Data shown below:

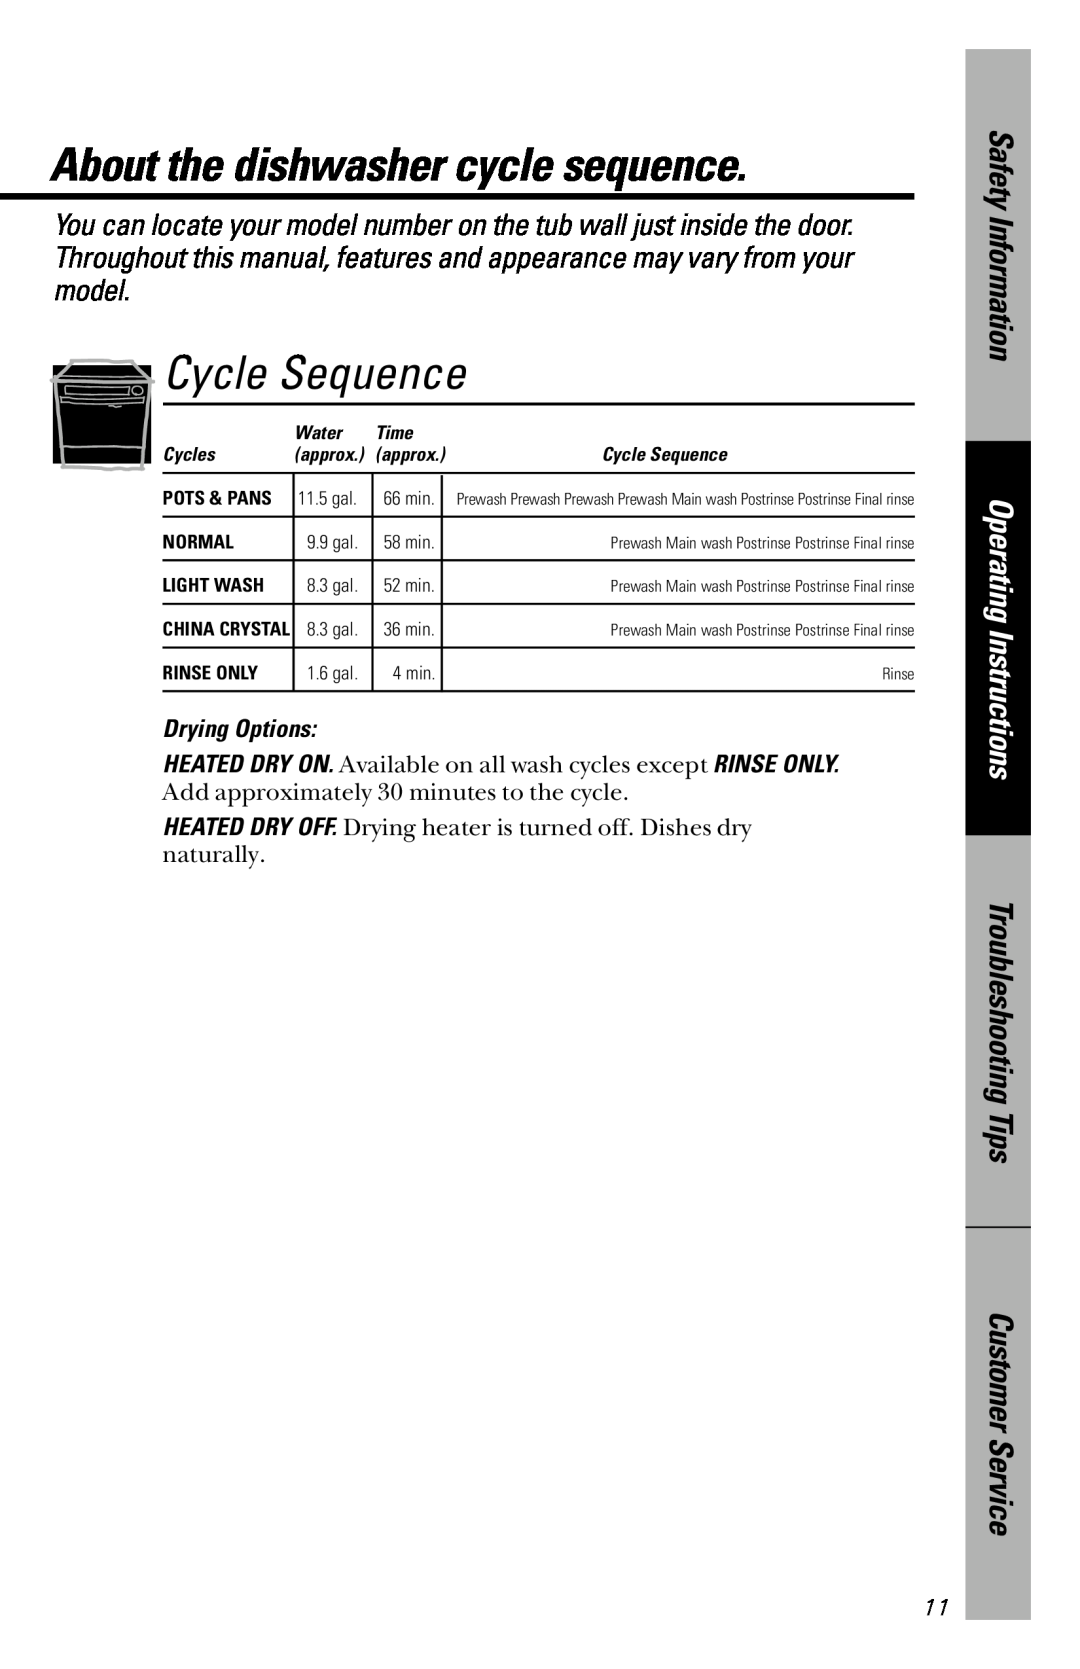 GE GSD5132 About the dishwasher cycle sequence, Cycle Sequence, Drying Options, Safety Information, Operating Instructions 
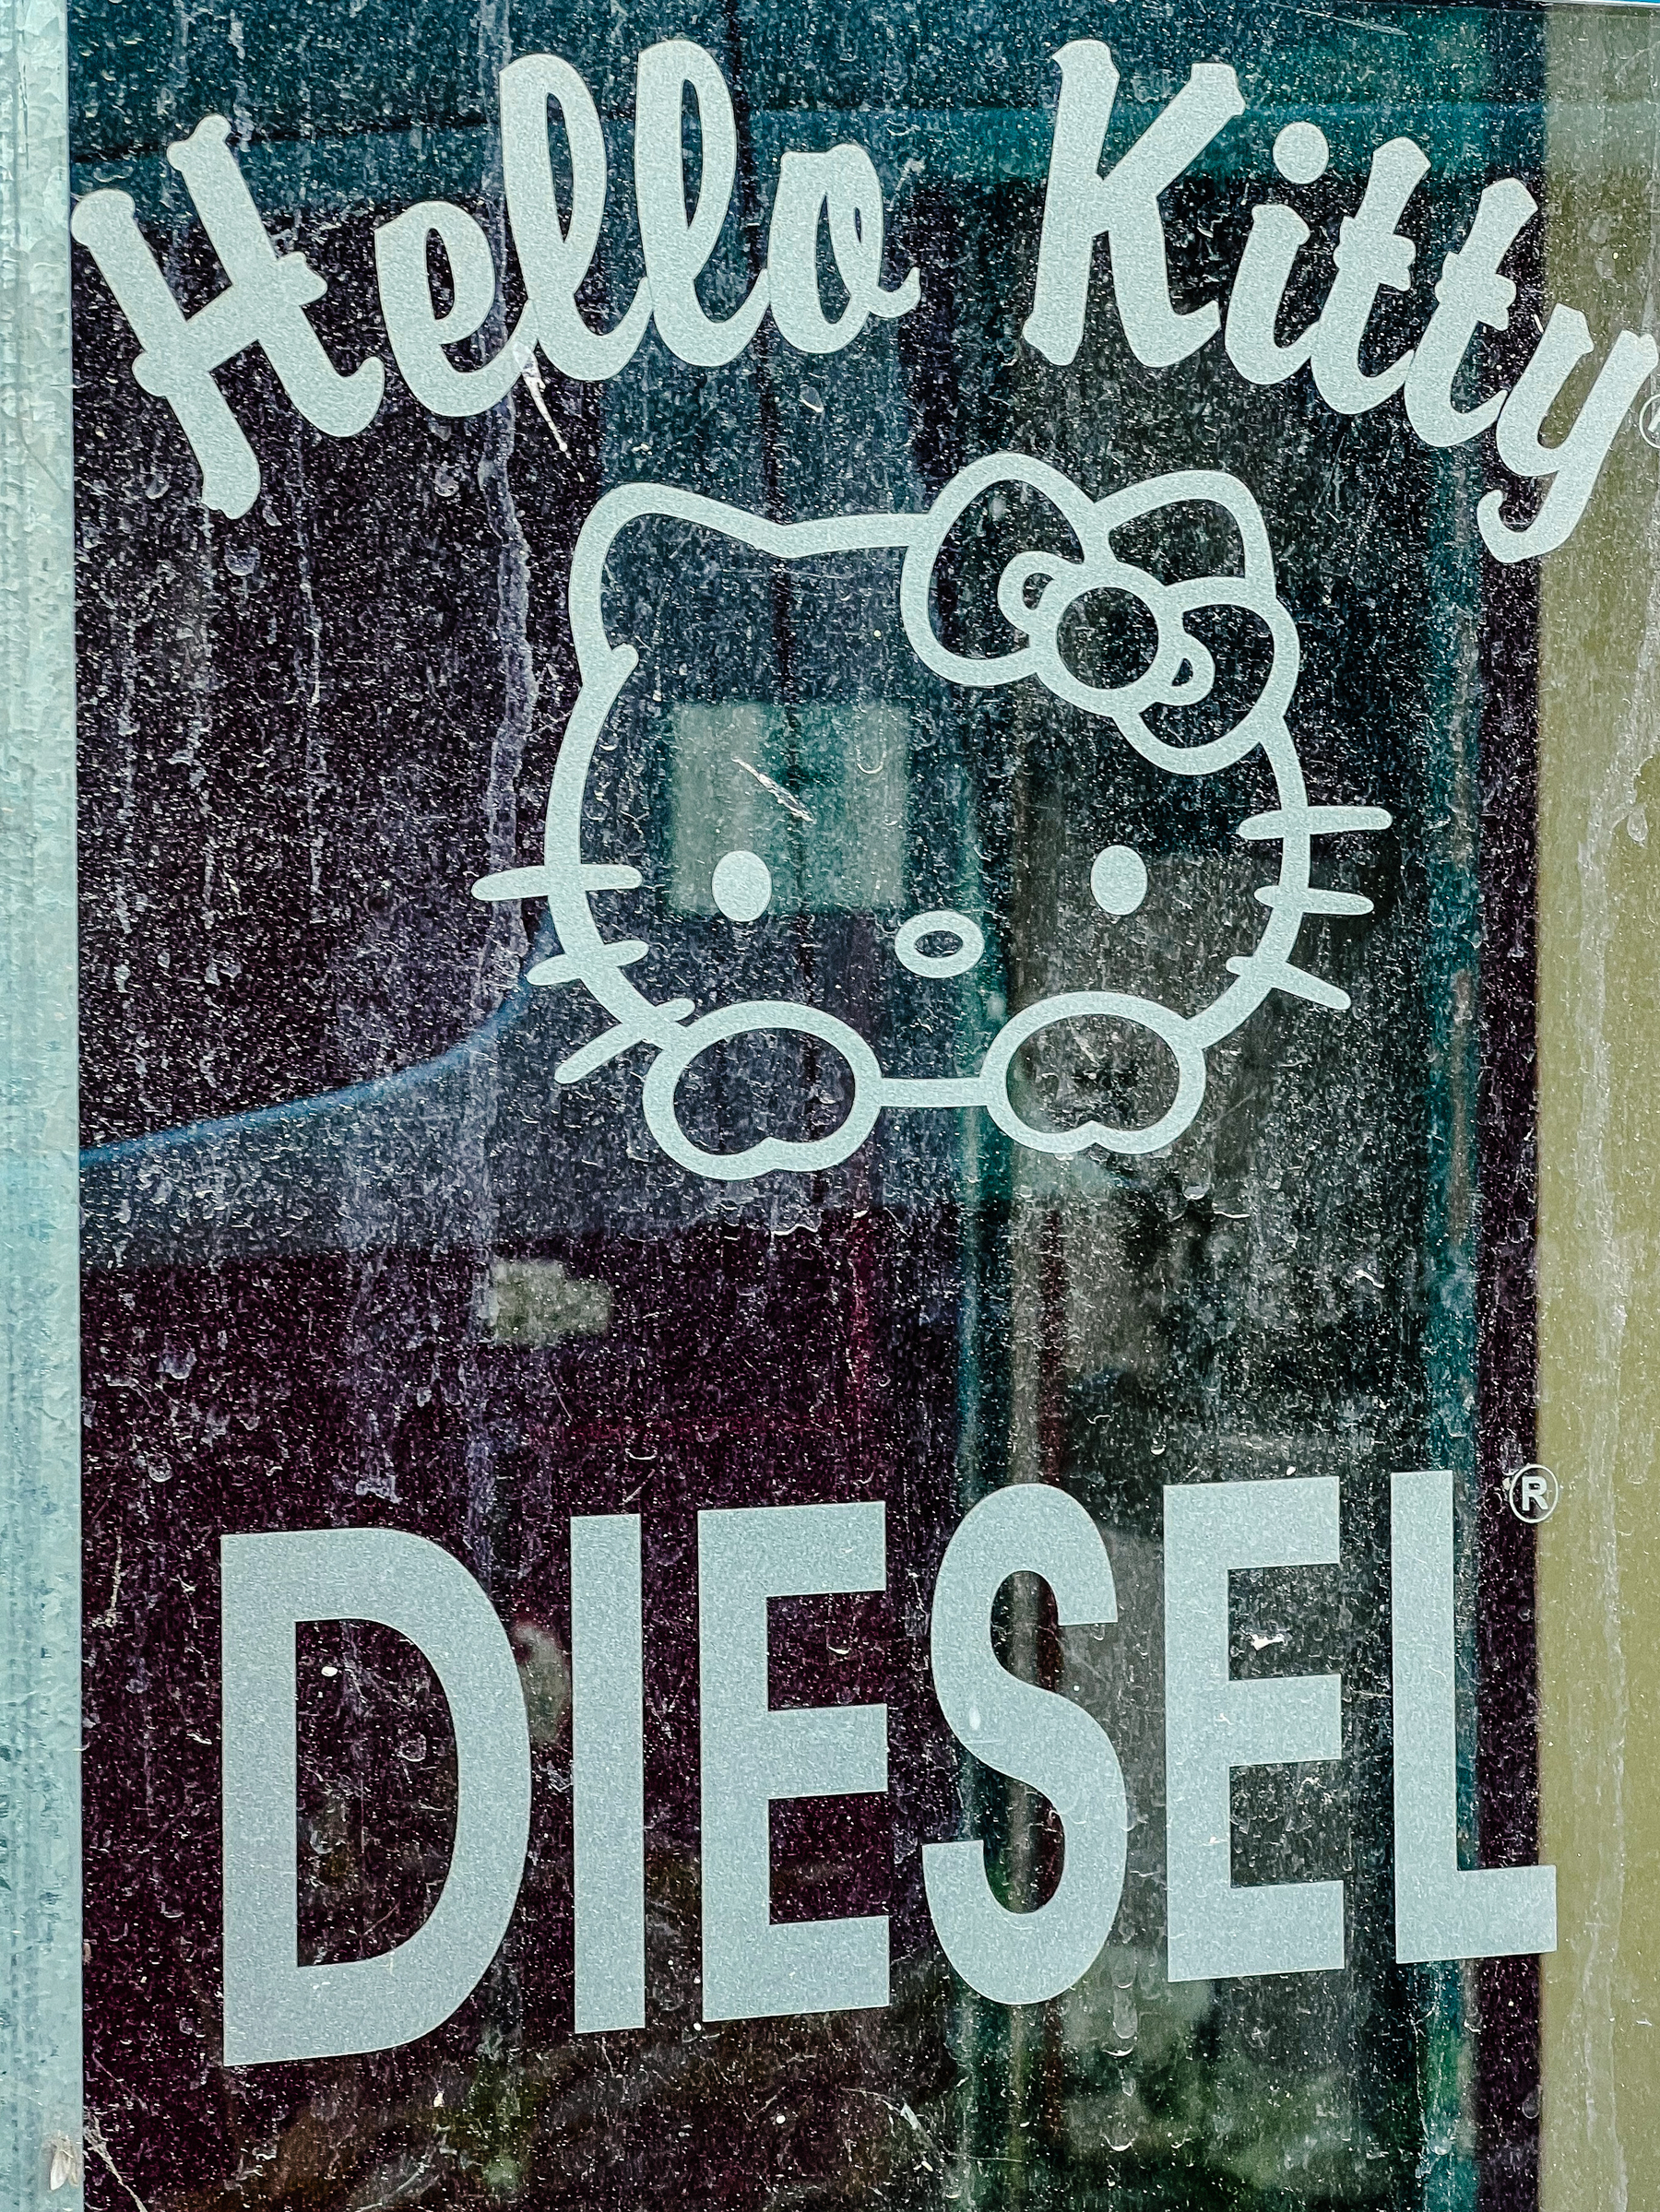 A very dirty window with a sticker of Hello Kitty, her name on top, and “DIESEL” below. 
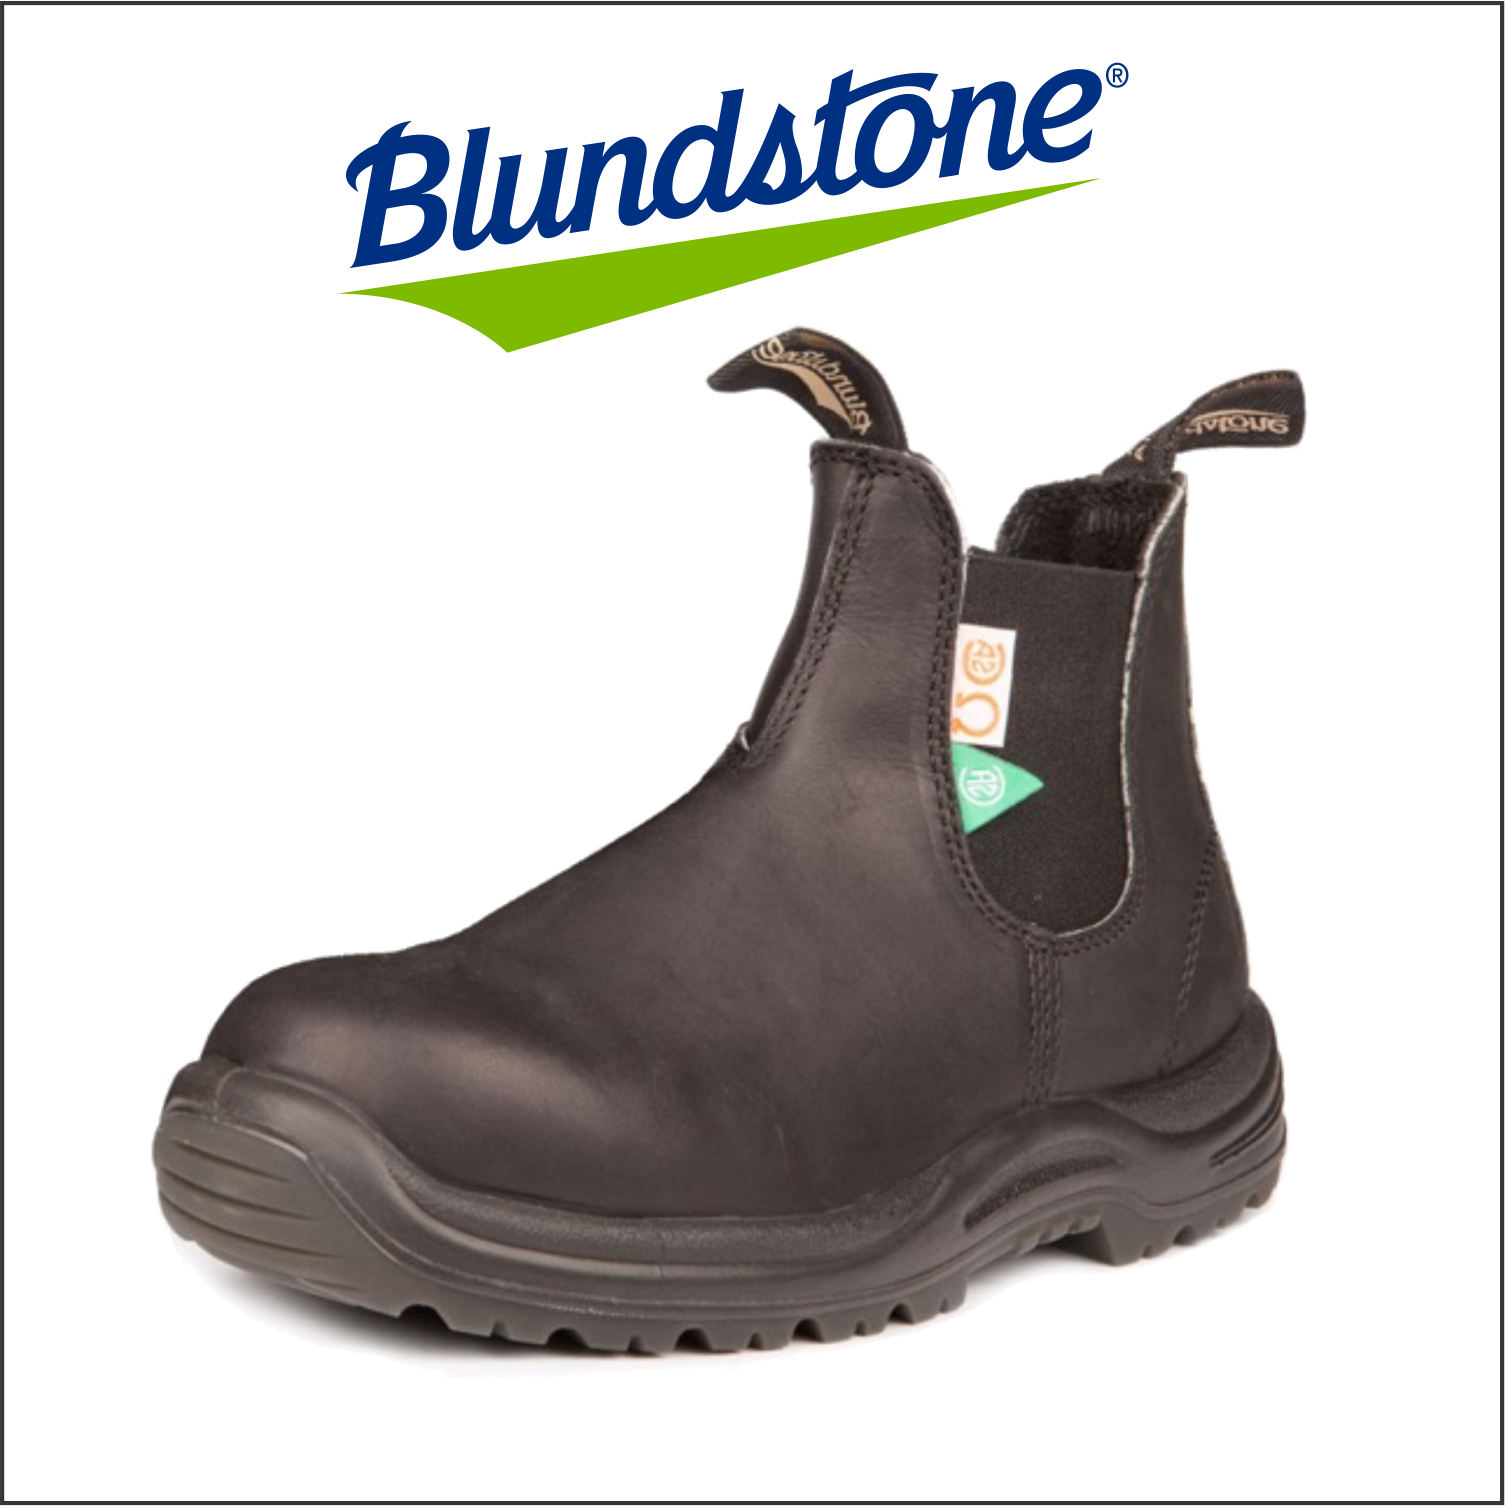 Blundstone.png

End of Data shown.

_Work instructions_. Omit the pictures and return exactly the lines from the line containing "A very dirty" through the final line of the material above, both ends included.

_Response to this exercise_.
 A very dirty window with a sticker of Hello Kitty, her name on top, and “DIESEL” below. 
 Blundstone.png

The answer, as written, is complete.